The dataset consists of 106K images and 15 unique cloth categories. There's an equal distribution of the classes in the validation and the test set consisting of 500 samples per class for fine-grained classification of Indian ethnic clothes.
The CLIP model is designed to understand images in context with natural language. By training the model on a large number of images and their associated texts, CLIP learns to generate meaningful embeddings for both images and texts that are aligned in semantic space.
The code in this repository demonstrates how to fine-tune the CLIP model on a Indofashion dataset. This is done to adapt the pre-trained CLIP model to better understand specific domains or types of data that may not be well-covered in its original training set.
Before you begin, ensure you have met the following requirements:
- Python 3.6 or later
- PyTorch 1.7.1 or later
- transformers and clip libraries installed
- Access to a GPU is recommended but not required
The dataset used in this example is the Indian Fashion Apparel Dataset, available on Kaggle. Modify the image_path and json_path with your own and you're good to go.

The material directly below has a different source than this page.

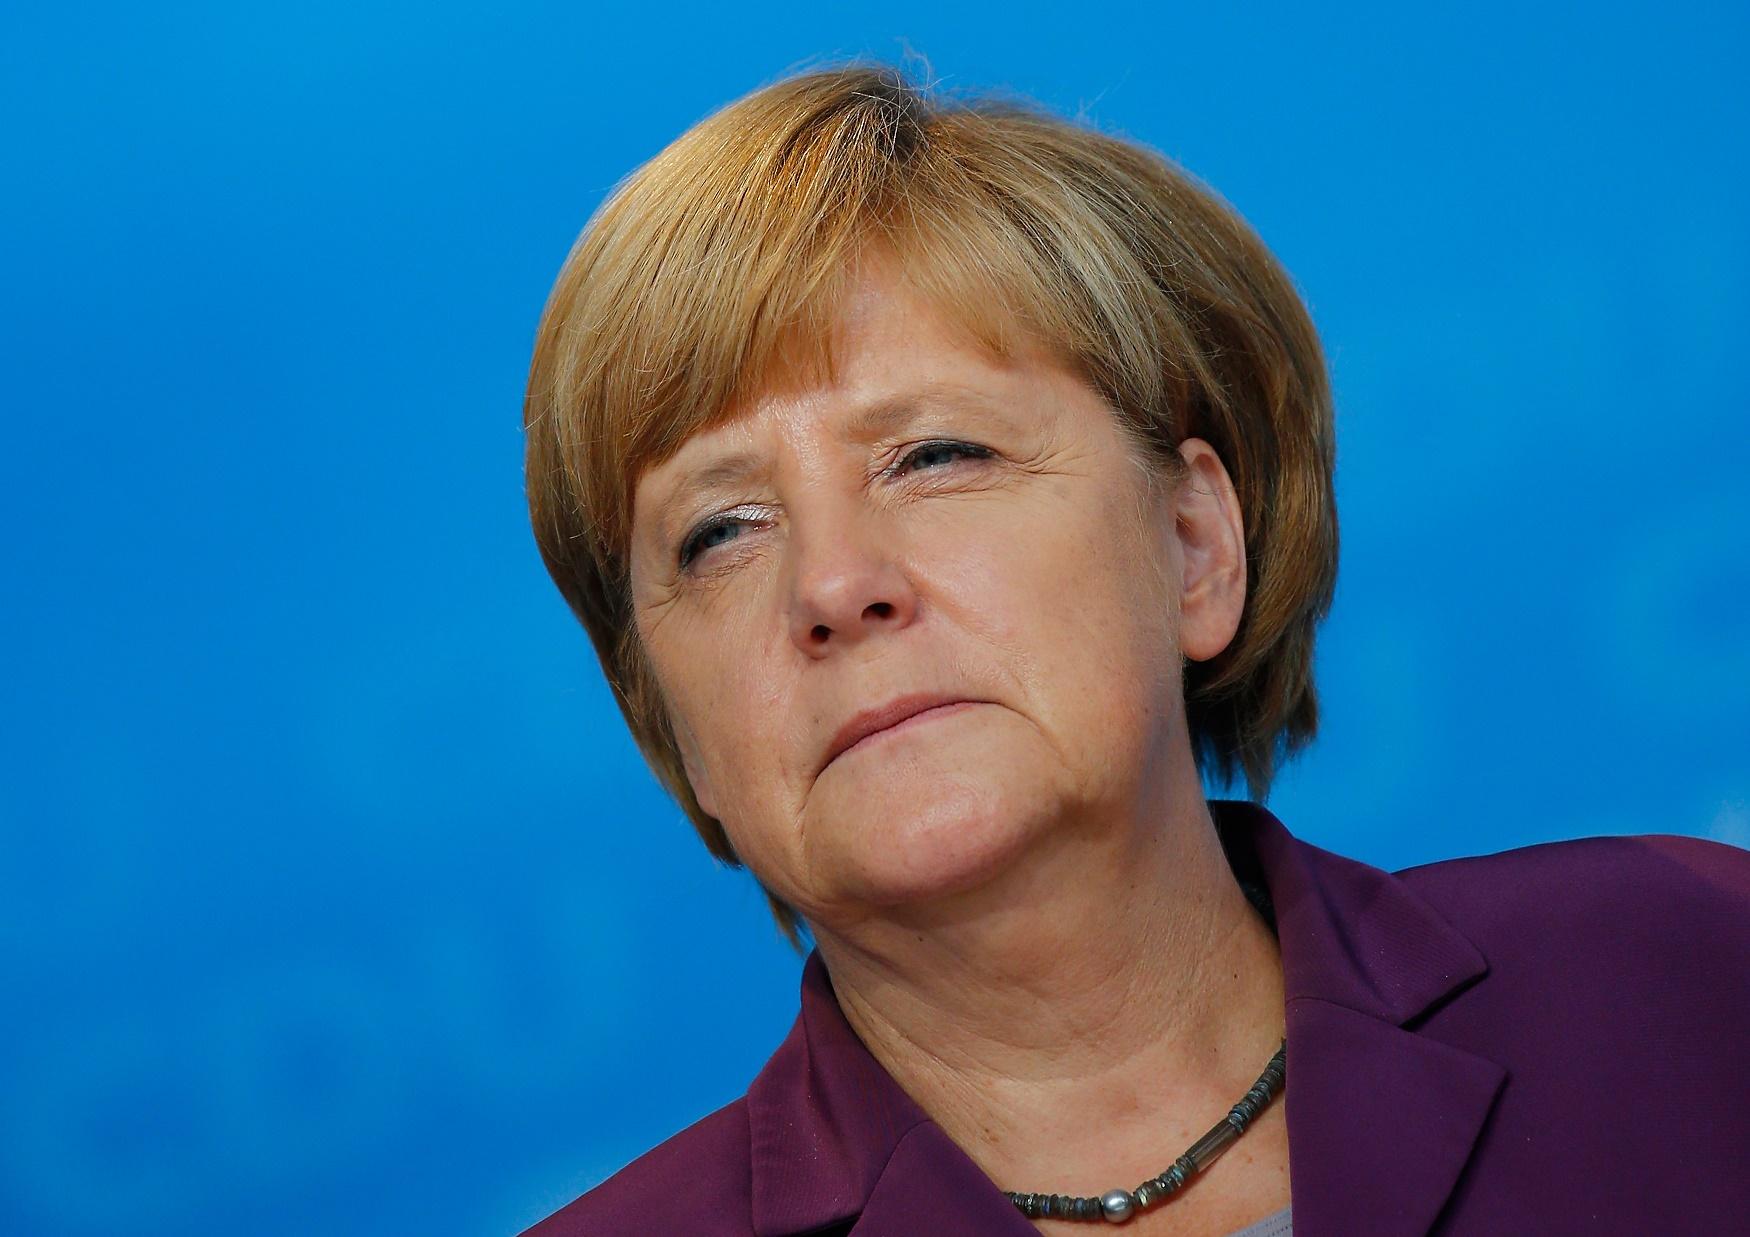 Γερμανία: Τι προβλέπει η προγραμματική συμφωνία για την κυβέρνηση

Running the Code The main script for training the model is fine_tune_clip.py. This script loads the CLIP model, sets up a DataLoader for the dataset, and fine-tunes the model using backpropagation and gradient descent.
To run the script, navigate to the repository directory and enter:
python indofashion_clip.py
The script will run for a number of epochs specified by the num_epochs variable. The batch size and learning rate can be modified by changing the batch_size and lr parameters in the DataLoader and optimizer setup respectively.